Eugene’s response to being asked how many legs an ant has:

Something between 2 and 4. Maybe, three? :-))) Oh, what a fruitful conversation;-)

The conversations are rife with repetitive loops and distracting counter-questions as Eugene picks up on recognizable words here and there and generates responses that will hide the gaps in the program’s knowledge. While Eugene is clever, there is something lacking there, something that separates him even from the frank, unfiltered grammar characteristic of those who haven’t grown up expressing themselves on the Internet.

I felt a weird relief at the stilted text of Eugene’s responses and articles denouncing the validity of the success. The feeling came less from a worry about the power of a truly intelligent AI (which Eugene is decidedly not) or a potential step close to the singularity, but something more personal: science surpassing Turing’s would somehow feel like rendering irrelevant the misunderstood British scientist and the nineteen-year-old girl who loved him enough to blog about it. Somehow it would feel like the death of the optimism and sheer naïve energy of that girl, making it harder to find her again today.

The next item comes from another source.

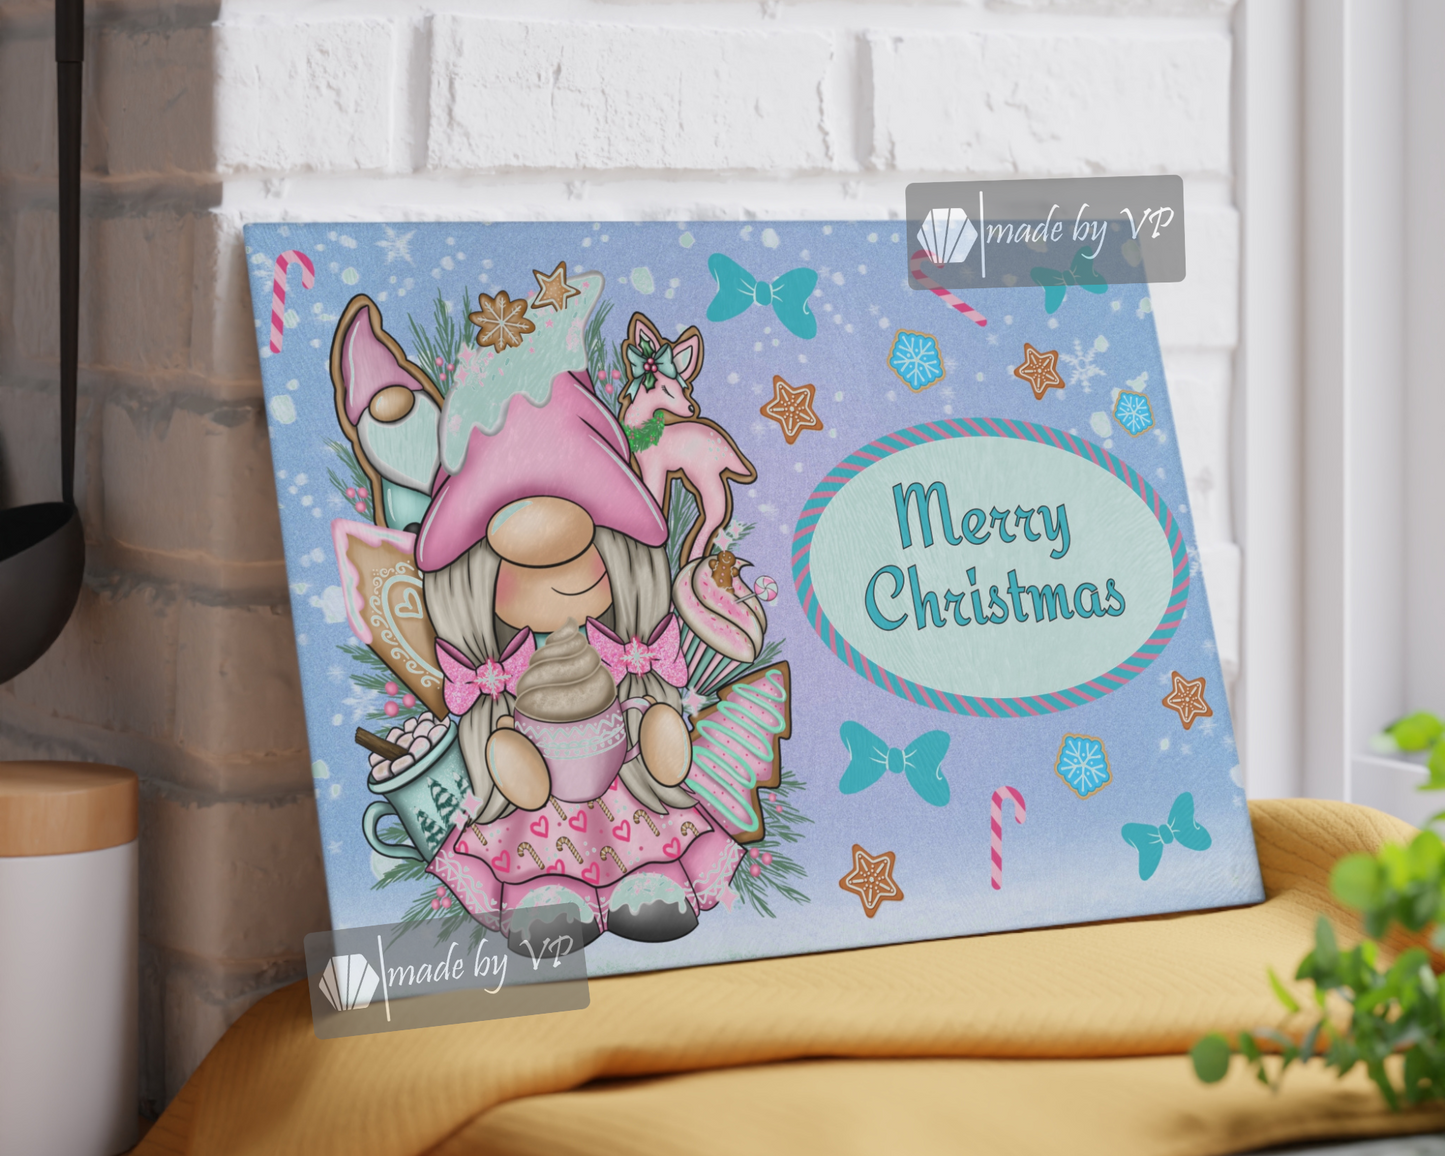 Personalised Christmas Cutting Board, Gnomes
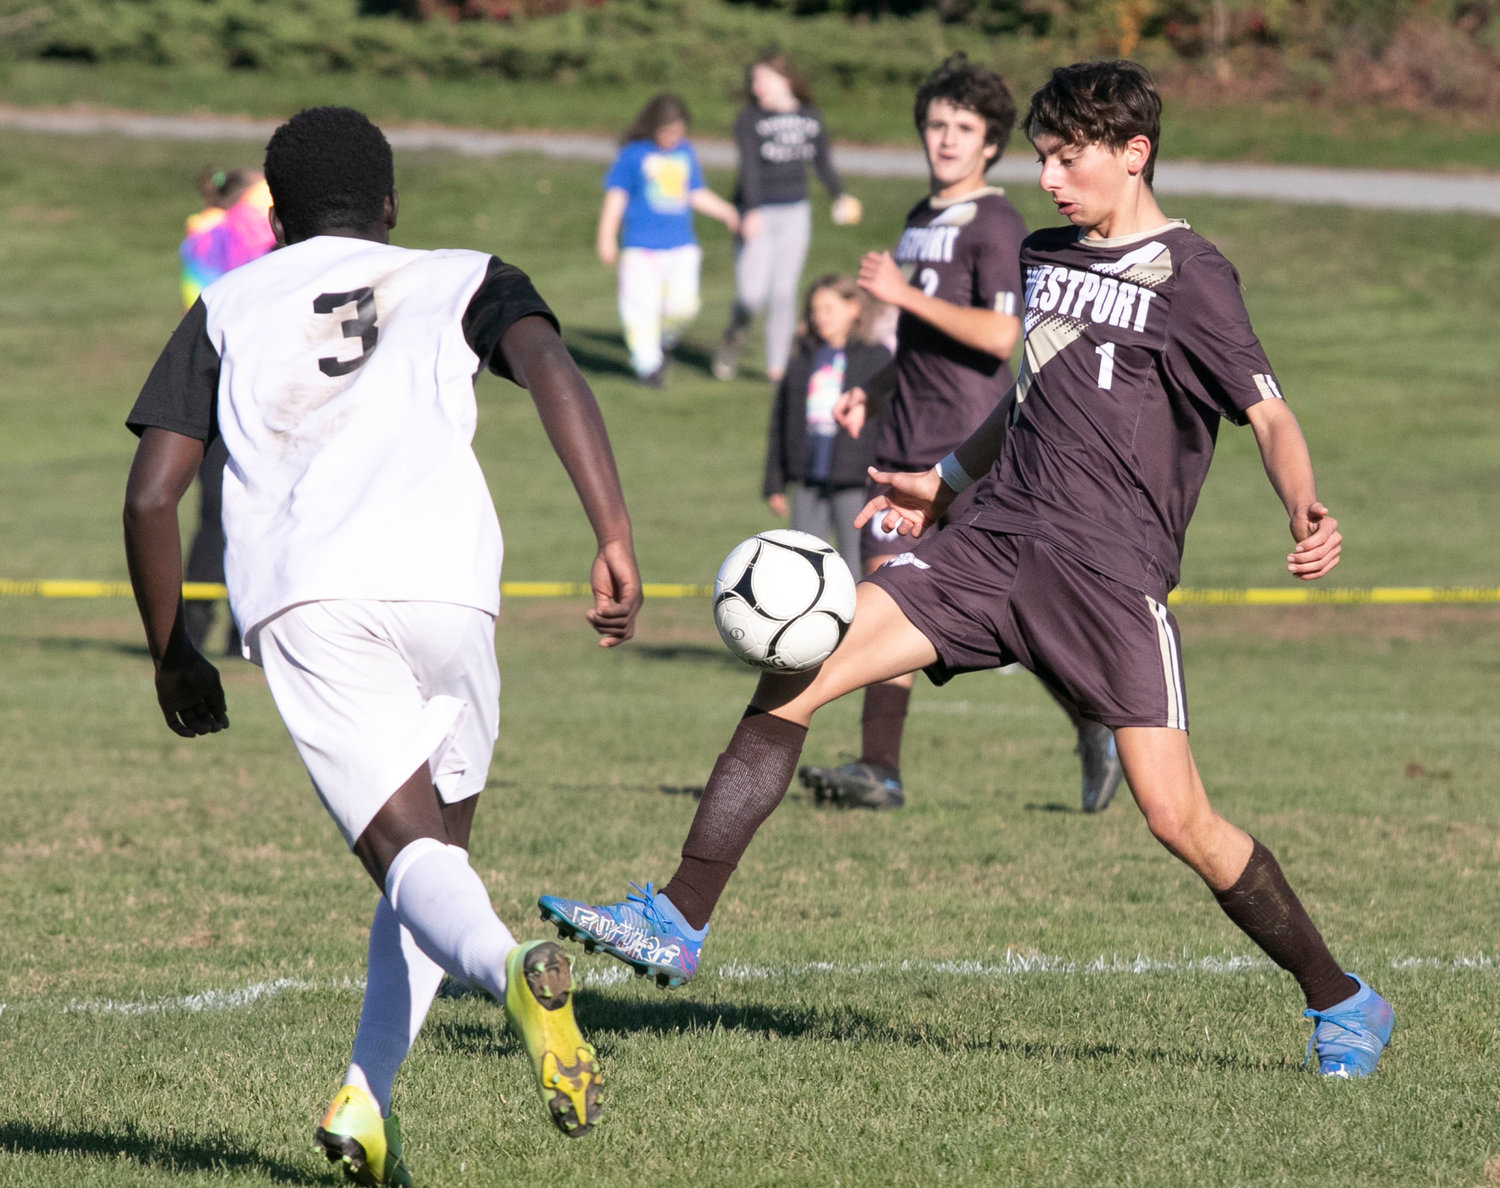 Midfielder Owen Couto collects a pass from a teammate at midfield.

This summer, as I find myself so often alone with myself once again, I am grateful for the reflective quality that technology brings to my isolation. The notorious longevity of information that appears on the Internet is not just a hazard to future political careers or a symptom of our desire to be “prosthetic Gods.” It has the potential to become not a window to the world but a mirror into ourselves: a means of preserving who we used to be, capturing our past selves and allowing them to live on and be referred to at the whim of our internet connection or privacy settings.